■ Task goal: Return the data below exactly, please, but drop the pictures.

Segment Start: Supplied data

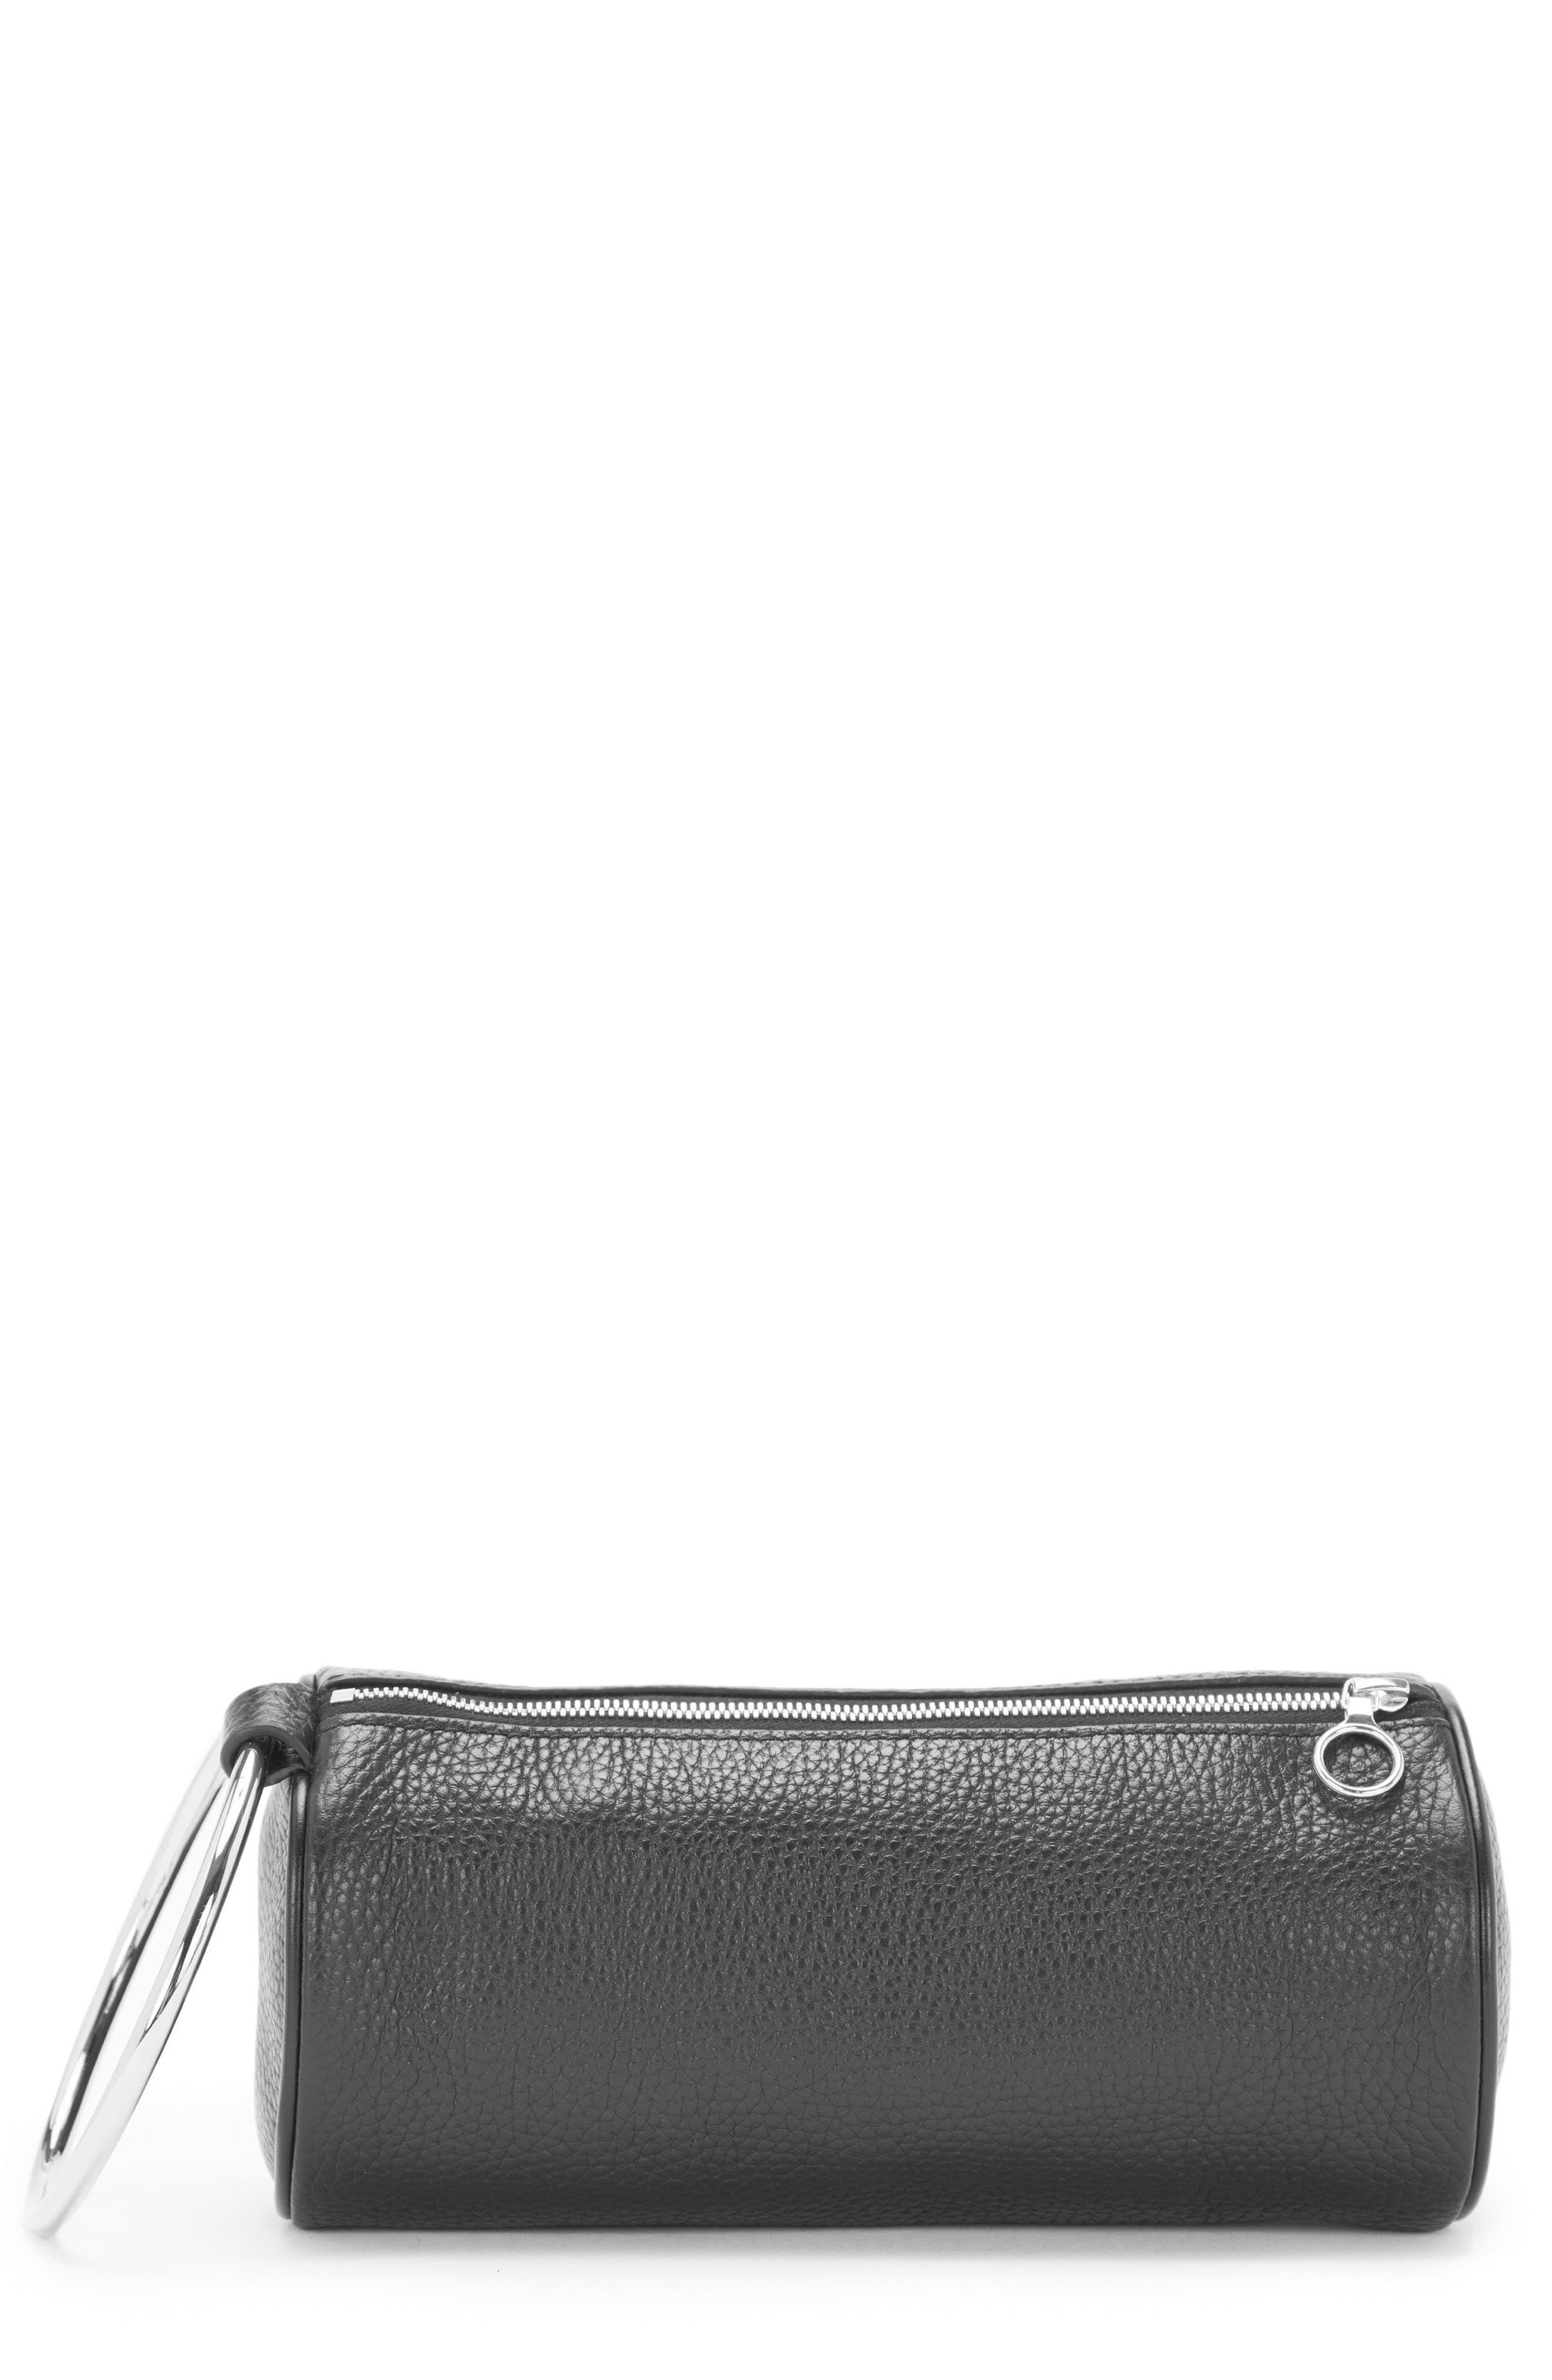 KARA Pebbled Leather Duffel Wristlet Clutch
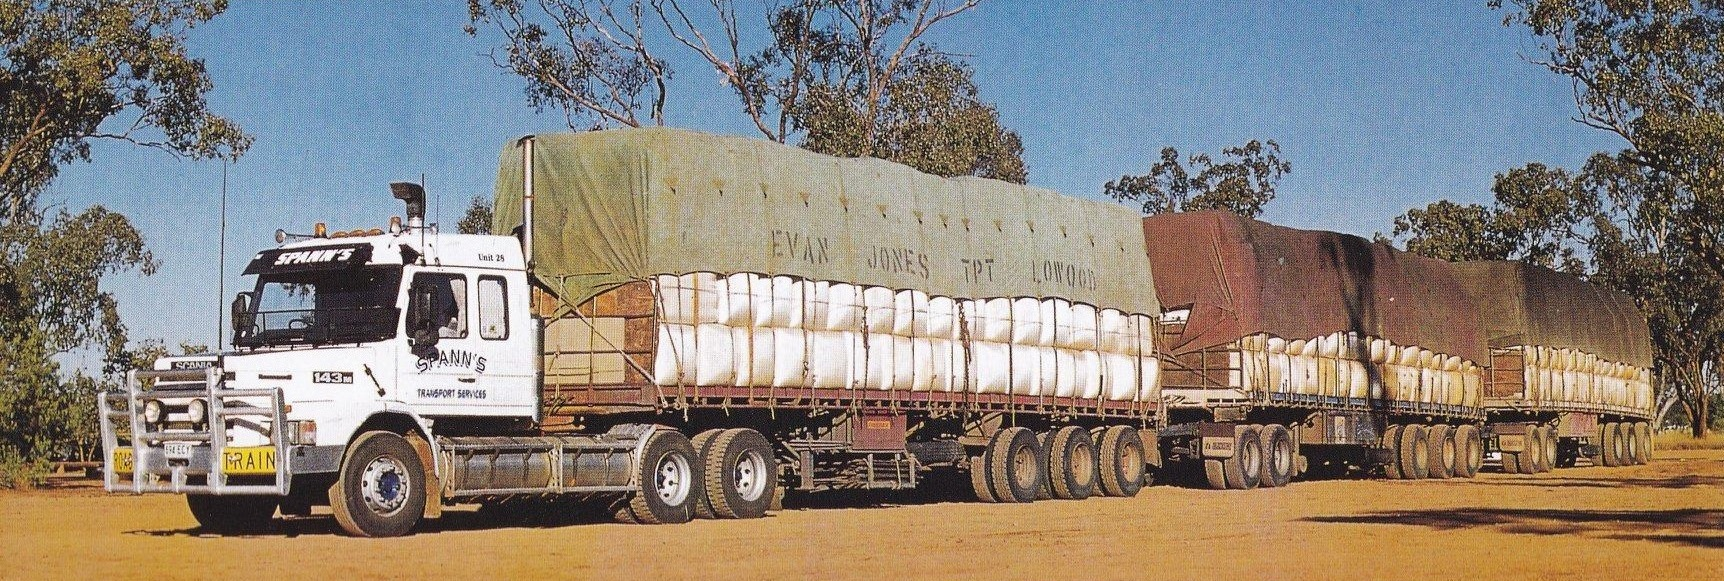 Kings-Forman-Archieve--Scania-450-HP--triple-trailer--Toowoomba-2
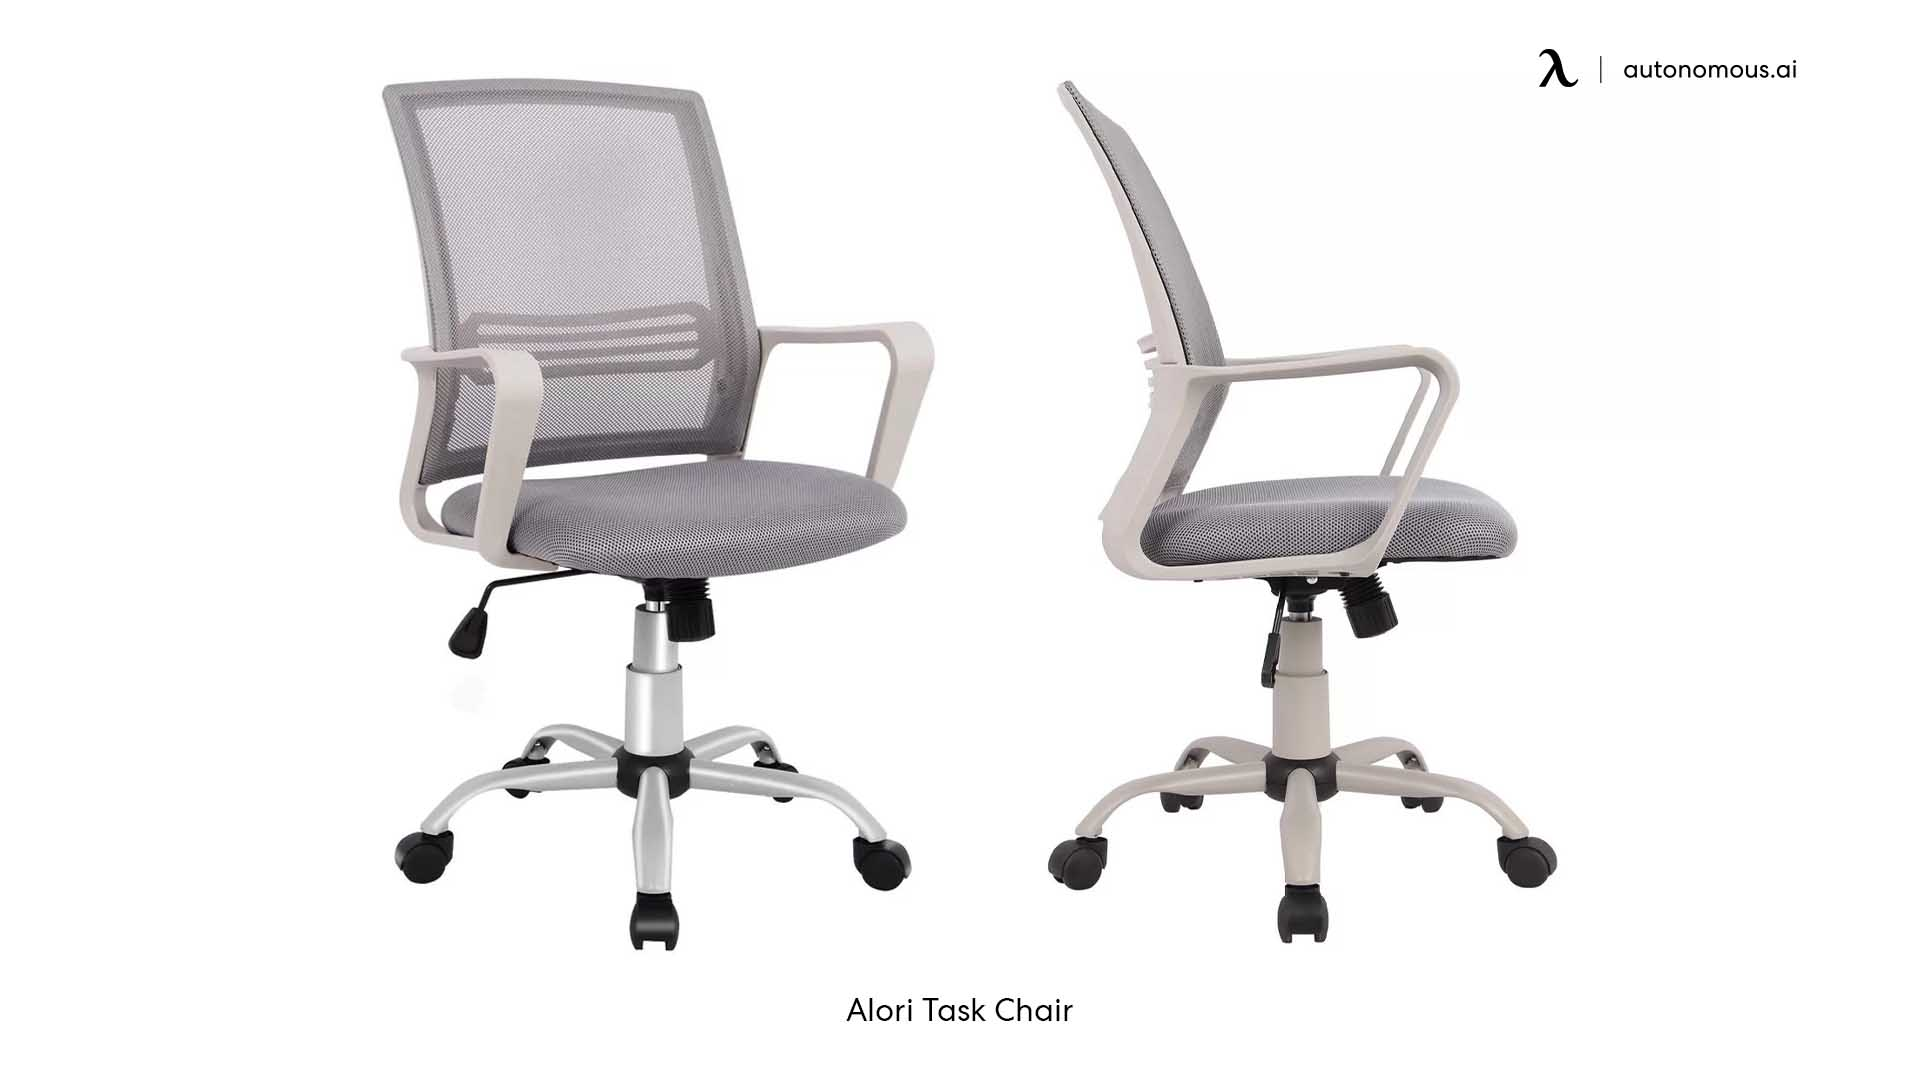 Alori Task Chair

Segment End: Supplied data

■ Response to the task:
 KARA Pebbled Leather Duffel Wristlet Clutch
 Kings-Forman-Archieve--Scania-450-HP--triple-trailer--Toowoomba-2
 Alori Task Chair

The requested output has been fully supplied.